Because let’s be honest: if you or I tried to count a billion “Likes” in real time using a standard SQL table, we’d be DDoS’ing ourselves into oblivion. The server would overheat, the disk would start crying, and someone in ops would probably get paged at 3 a.m. with a “Counter table locked again 😭” alert.

But Facebook? Smooth as butter. Not a single crash (at least, not because of Likes).

So what’s their secret sauce?

Grab a cup of coffee, because we’re about to go deep into the world of sharded counters and eventual consistency, with some real-world examples you can actually use — whether you’re building a startup or just want your app to stop melting.


🤯 The Problem With Counting Things

Let’s start with something simple.

Imagine you’re building a small social app. Your schema looks like this:sql CREATE TABLE posts ( id SERIAL PRIMARY KEY, content TEXT, like_count INTEGER DEFAULT 0 );

Now, every time someone taps “Like”, you do this

UPDATE posts SET like_count = like_count + 1 WHERE id = 42;

Seems fine, right? But here’s the thing — this works perfectly until you’re popular.
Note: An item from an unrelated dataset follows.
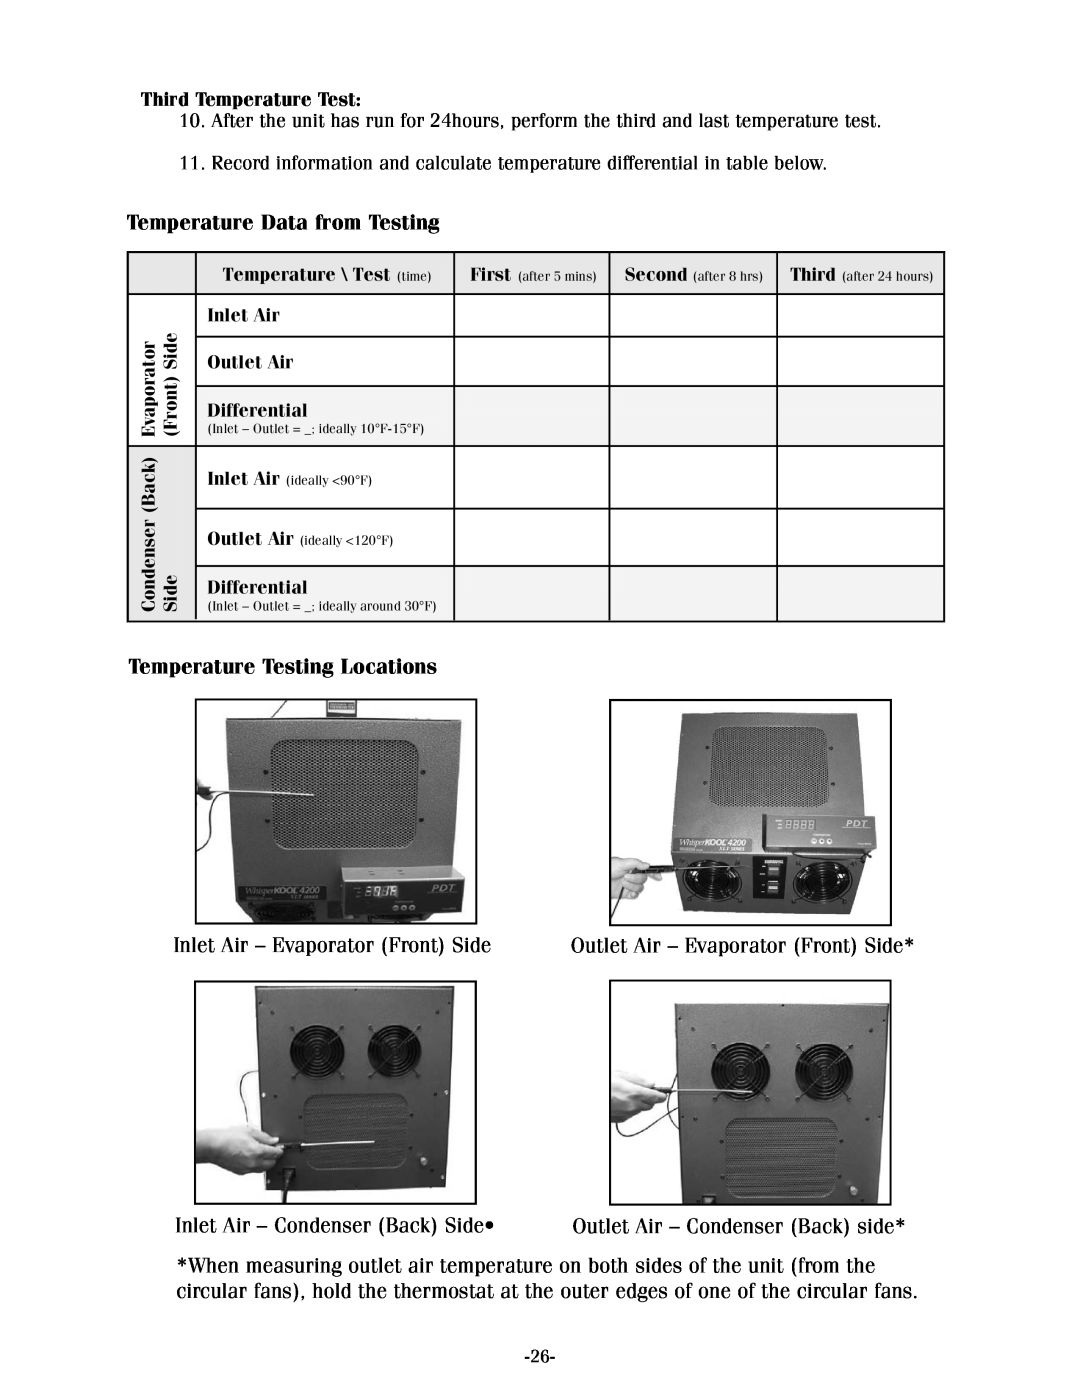 WhisperKool XLT, 17-1103 Temperature Data from Testing, Temperature Testing Locations, Inlet Air - Evaporator Front Side

And when I say “popular”, I mean Facebook levels of popular. Like, “Oprah just shared your post” popular.

Suddenly, thousands of users are liking the same post at the same time, and your humble little database table is getting hammered like a piñata at a toddler’s birthday party.

And what happens next?

  • Lock contention: All those updates are trying to grab a lock on the same row.
  • Performance nosedive: Your latency spikes like Bitcoin in 2021.
  • Possible downtime: Congrats, your “Like” button just became a denial-of-service vector.
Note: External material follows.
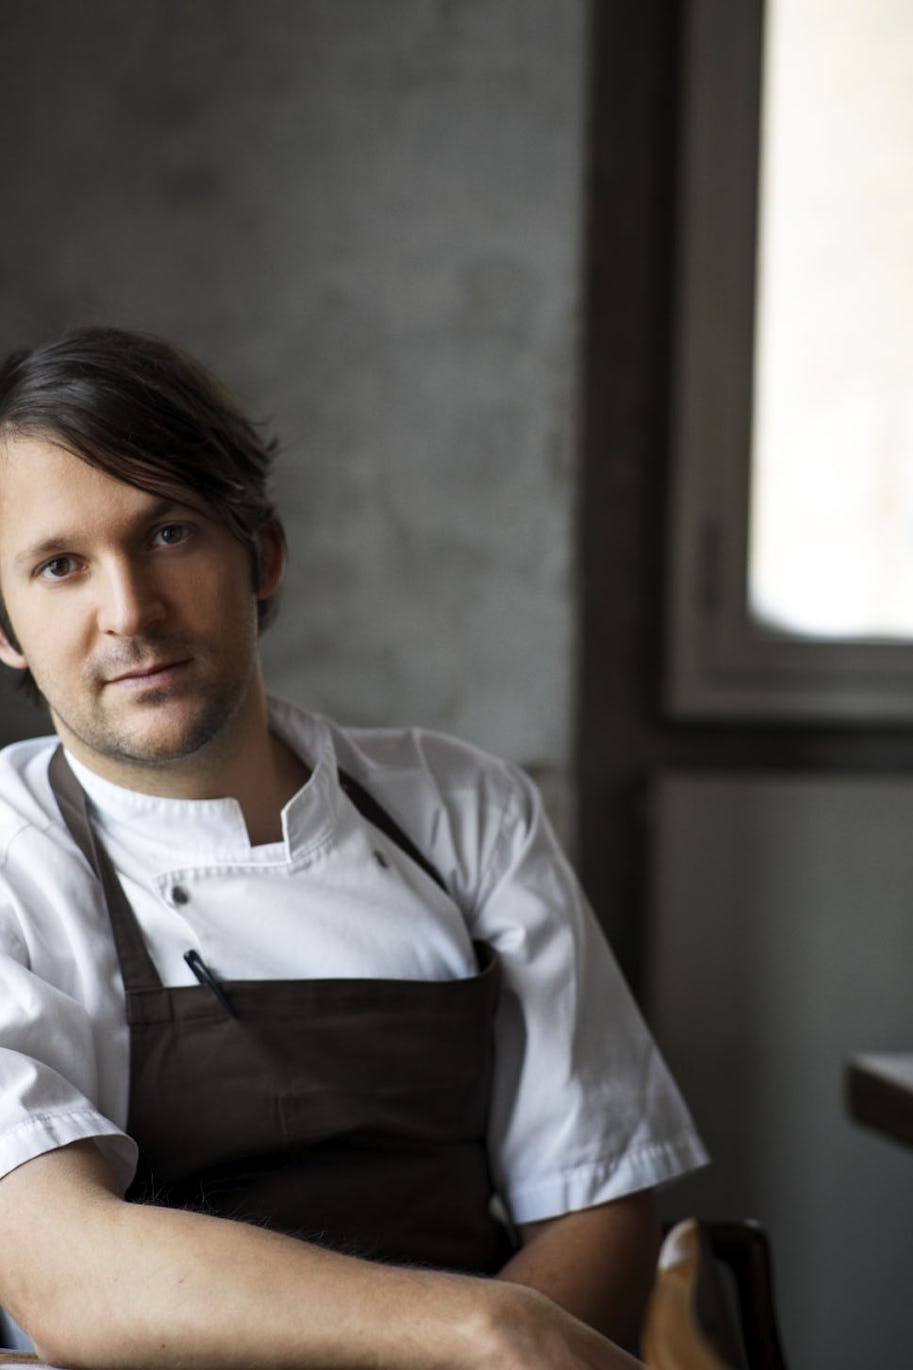 Noma returns to top spot at World’s 50 Best

So… how does Facebook not implode?


Enter Sharded Counters (a.k.a. Divide and Count Conquer)

The idea is genius-level simple: don’t keep one counter — keep many.
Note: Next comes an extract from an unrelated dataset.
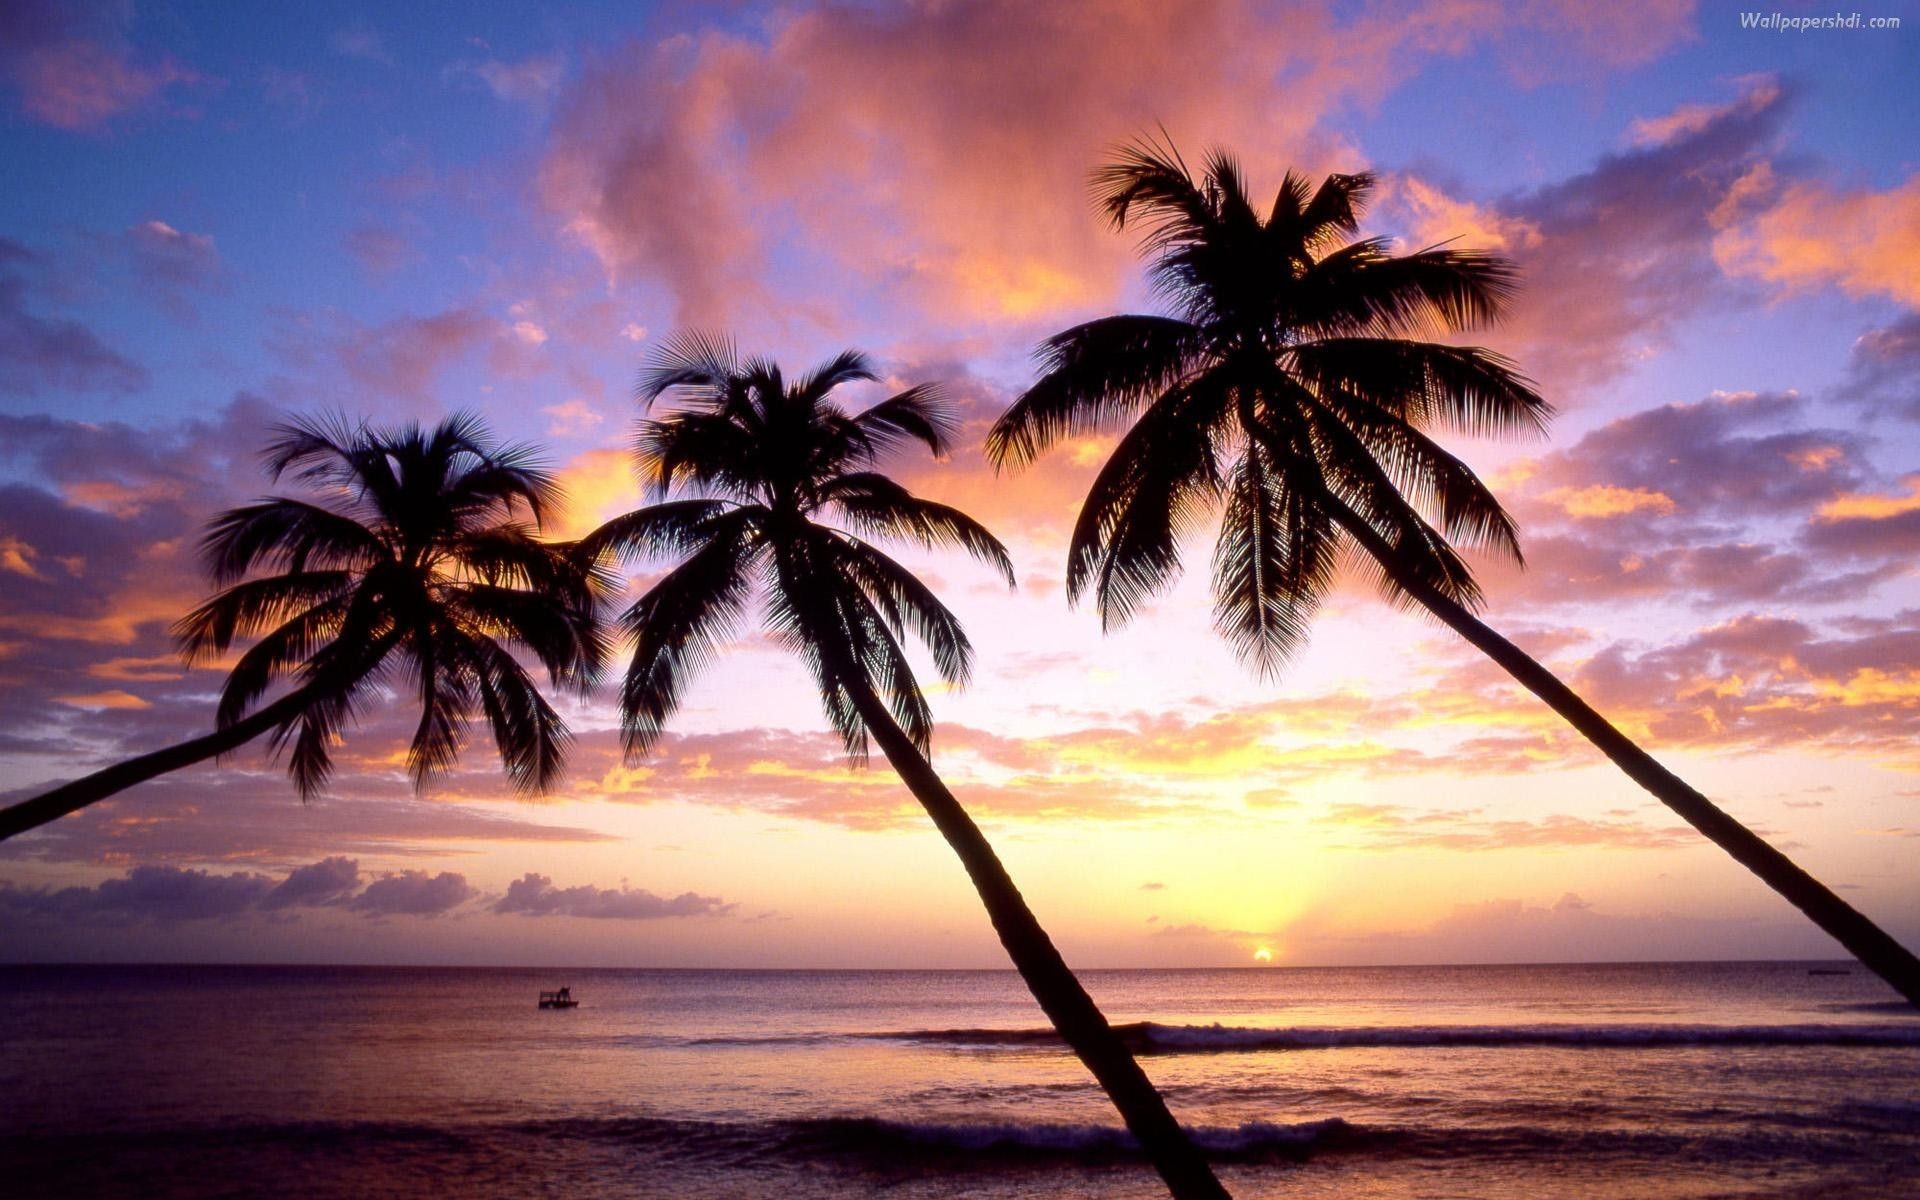 1920x1200 Wallpaper Palm Tree - Android Apps on Google Play

Instead of updating one like_count field, Facebook breaks the counter into multiple shards (small pieces) that can be updated independently, and then aggregated when needed.

How it works:

  1. You create a bunch of “shards” for the counter, like 100 small buckets.
  2. Each time someone likes a post, you randomly pick a shard and increment that.
  3. To display the total likes, you sum all the shards.

A Schema Example

CREATE TABLE post_likes_shards (
    post_id BIGINT,
    shard_id INT,
    like_count INT DEFAULT 0,
    PRIMARY KEY (post_id, shard_id)
);

When a user likes a post

UPDATE post_likes_shards
SET like_count = like_count + 1
WHERE post_id = 42 AND shard_id = 7;

To get the total

SELECT SUM(like_count)
FROM post_likes_shards
WHERE post_id = 42;

Boom. Now your writes are spread out, your database is happy, and Oprah can like as many posts as she wants.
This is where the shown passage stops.